### The data ###
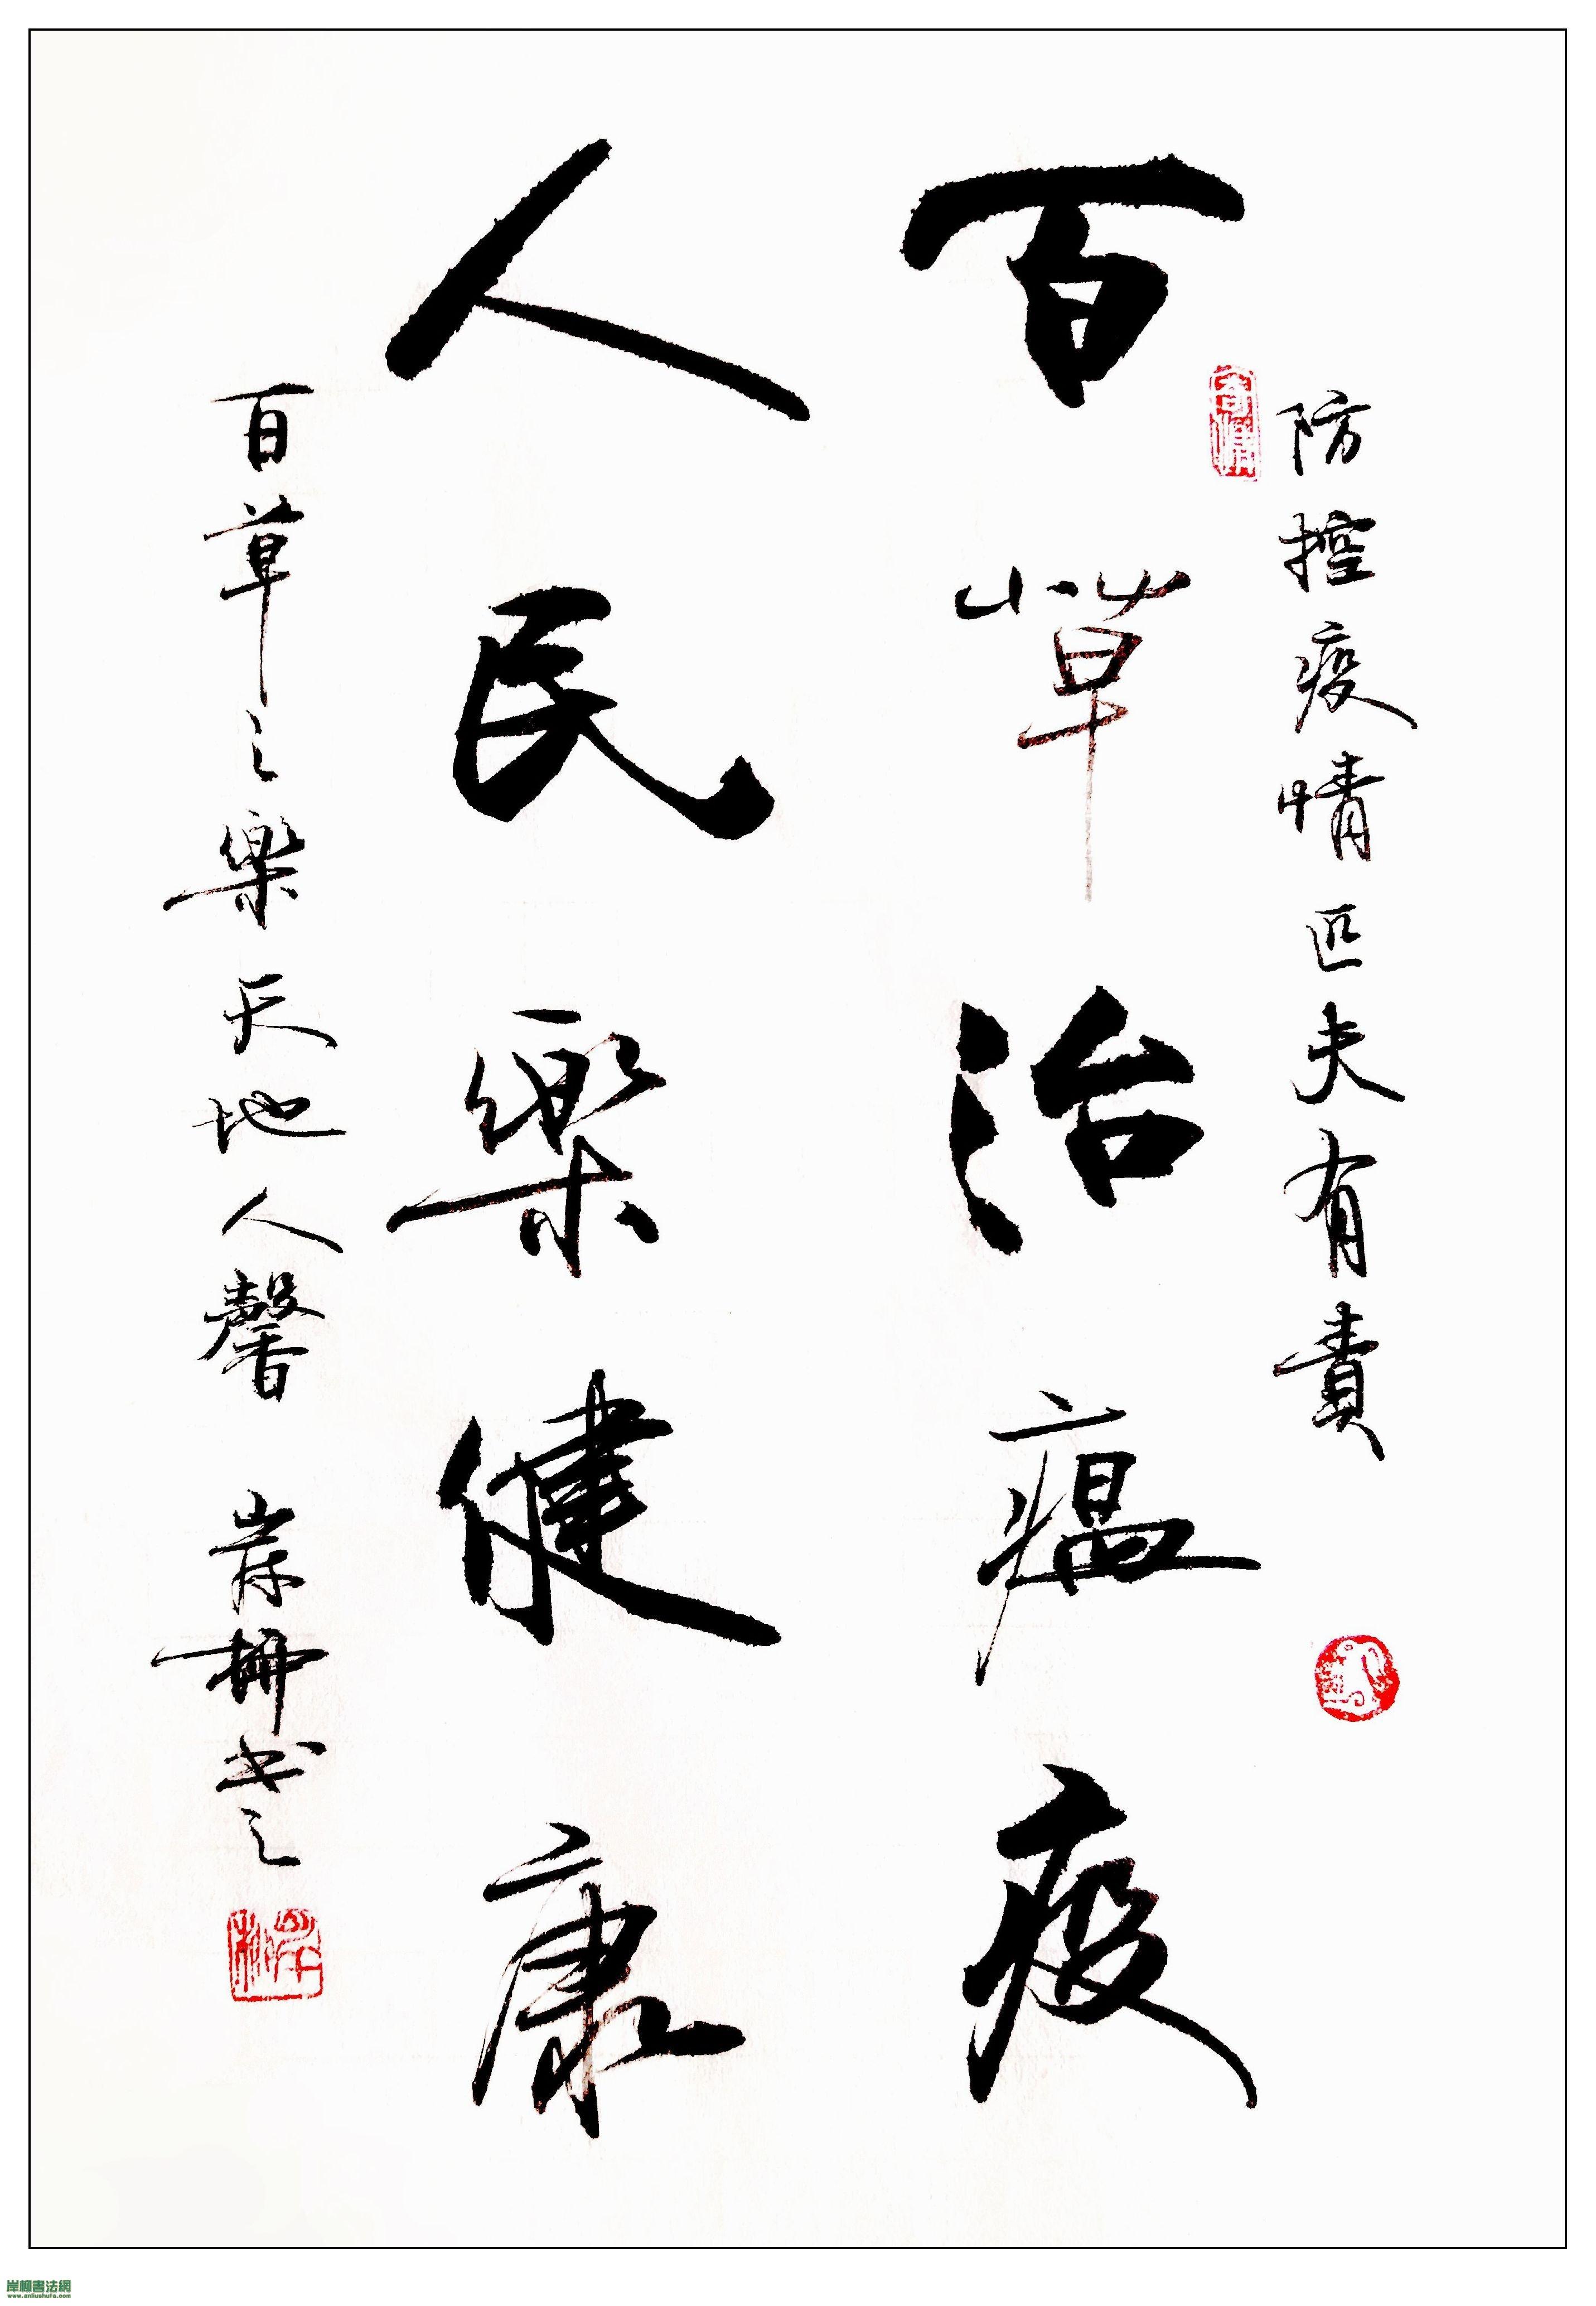 【2020年防控疫情】岸柳书法作品
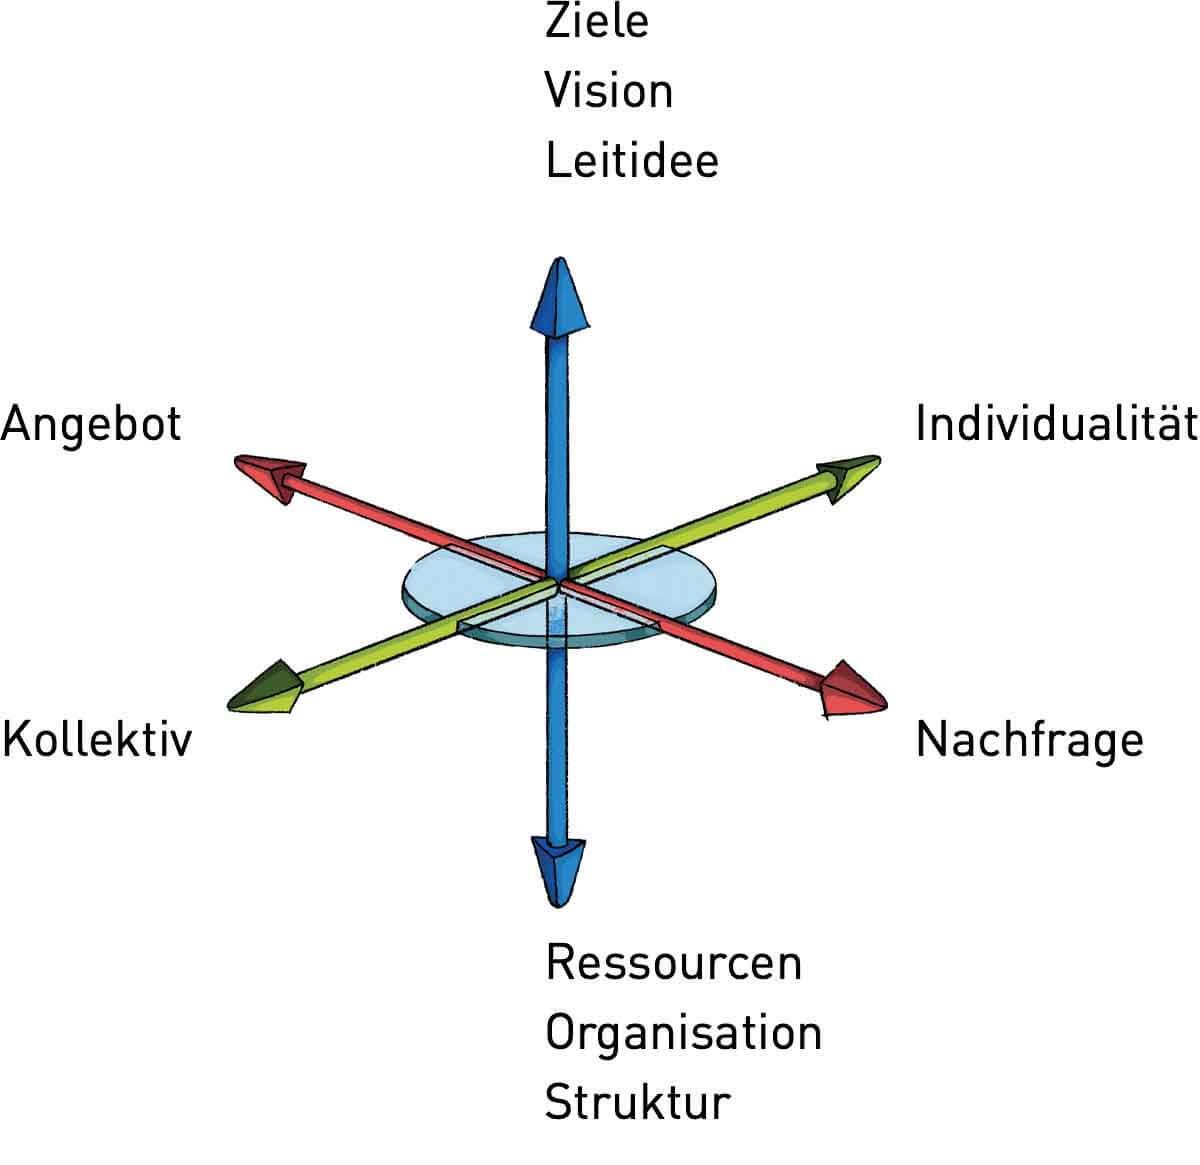 Kompetenzmodell nach Oosterhof
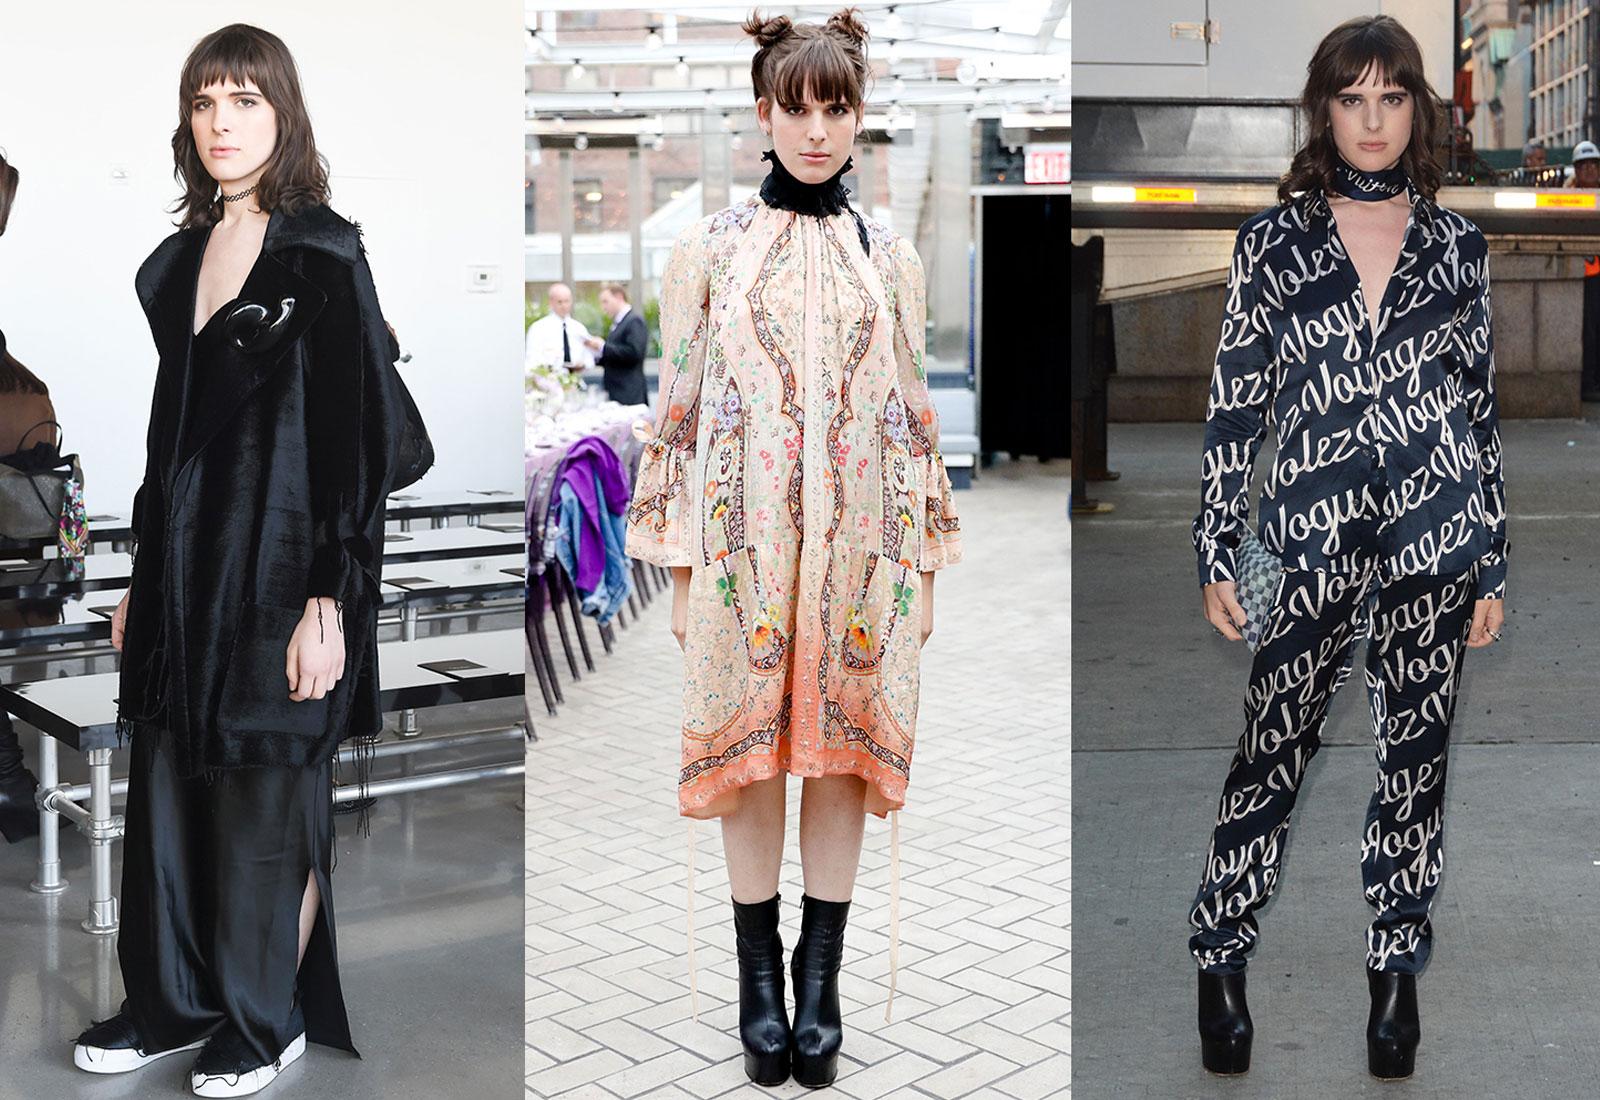 hari nef street fashion three looks 1600 x 1100
###
_What you need to do_
No pictures belong in the copy. Repeat the listing above exactly.

_Written solution_
 【2020年防控疫情】岸柳书法作品
 Kompetenzmodell nach Oosterhof
 hari nef street fashion three looks 1600 x 1100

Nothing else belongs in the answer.